ASTRAL DOORS – 2019 – Worship or Die

ASTRAL DOORS - Worship or Die

1. Night of the Hunter
2. This Must Be Paradise
3. Worship or Die
4. Concrete Heart
5. Marathon
6. Desperado
7. Ride the Clouds
8. Light at the End of the Tunnel
9. St. Petersburg
10. Triumph & Superiority
11. Let the Fire Burn
12. Forgive Me Father

Rok wydania: 2019
Wydawca: Metalville
https://www.facebook.com/Astraldoorssweden/


Power metal przerobiłam na wiele sposobów, ale muzyki Astral Doors nie miałam okazji poznać. Teraz jest ku temu okazja, ponieważ niedawno nabyłam ich ostatni krążek zatytułowany „Worship or Die”. Sama okładka autorstwa Felipe Machado robi piorunujące wrażenie. Nie sposób oderwać od niej wzroku. A co z samą muzyką?

„Worship or Die” to 12 piosenek, które zlewają się w jedną całość. Nie ma w tym ani krzty oryginalności. Melodie są podobne jedna do drugiej, przez co muzyka traci na sile. Zatwardziałych maniaków power metalu ona nie poruszy. Mnie przynajmniej nie przekonała. Nie znam twórczości tej grupy, więc nie odniosę się do żadnej wcześniejszej płyty, ale w tym przypadku zabrakło siły przebicia. Okładka to jedno, muzyka – drugie. Oczywiście nie zawsze to ze sobą współgra. Oczekiwałam czegoś iście siarczystego i niestety tego nie otrzymałam. Nowa płyta Astral Doors to zwykły bubel. W power metalu zawsze szukam czegoś, co mnie zaskoczy. Od kilku lat ten gatunek mnie już nie przekonywuje i nie śledzę nowości; stawiam na klasykę, choć i ona powoli zamiera. Wysyp młodych zespołów o tym zadecydował. Dlatego moje drogi z power metalem się nieco rozeszły. Nie oznacza to, że nie słucham tego gatunku. Fakt, są ciekawe krążki, ale to kropla w morzu.

Wracając do Astral Doors: Nils Patrik Johansson ma barwę głosu, której nie znoszę i to też ma wpływ na to, jak odbieram tą muzykę. Wszystko dobrze ze sobą się łączy, co daje efekt co najmniej idiotyczny i pełen niesmaku.

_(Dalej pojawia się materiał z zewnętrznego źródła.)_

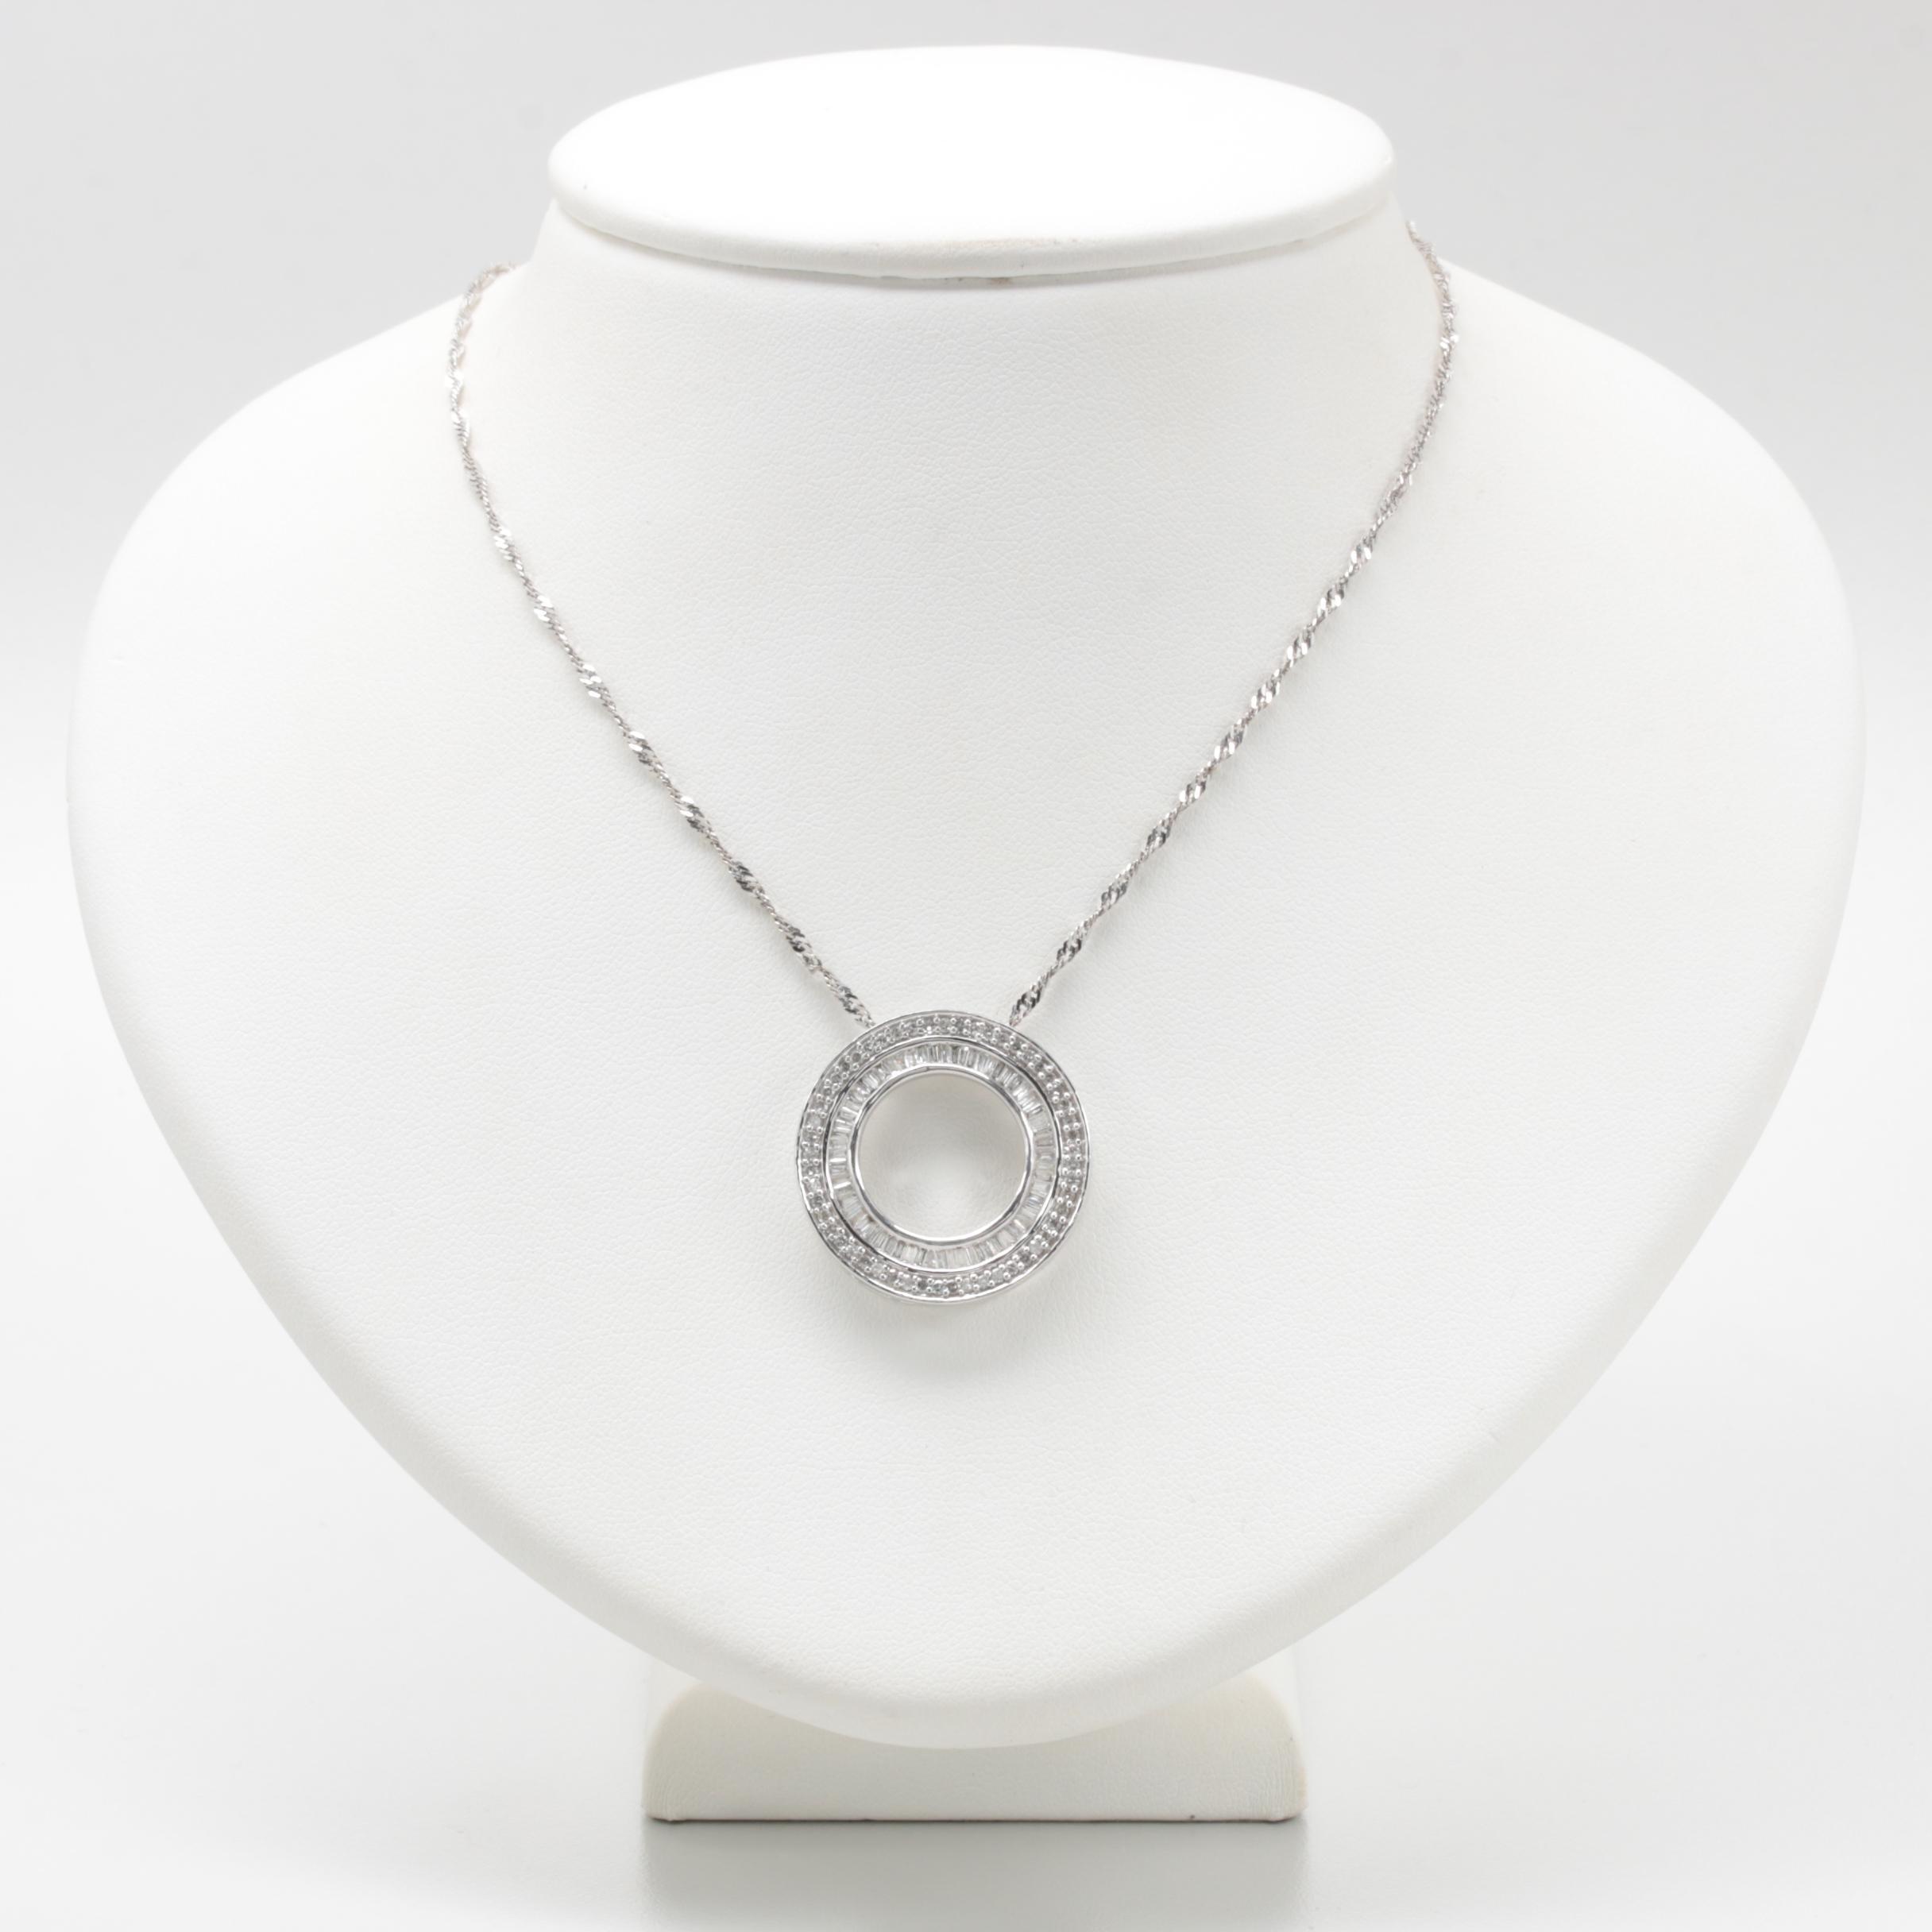 14K White Gold 1.33 CTW Diamond Pendant Necklace

Symfoniczne zadęcie, pojawiające się w utworach jest przereklamowane i mało interesujące, bez jakichkolwiek rewelacji. Gorszej muzyki chyba w ostatnim czasie nie słyszałam. Trochę szkoda kasy, ale cóż…

Podsumowując omawiany album uznaję go za zbyt marny i bez hitów. Wszystko się zlewa i nie wypada dobrze. Jeśli pozostać w temacie to lepsze byłoby Iron Savior, Masterplan, Jorn. Nie będę się dłużej pastwić nad „Worship or Die”, ponieważ nie ma to sensu. Muzyka nagrana ot, tak. Nie ma w niej nic interesującego, nawet gdyby podszedł mi wokal. Wybaczcie, ale mnie to nie rusza.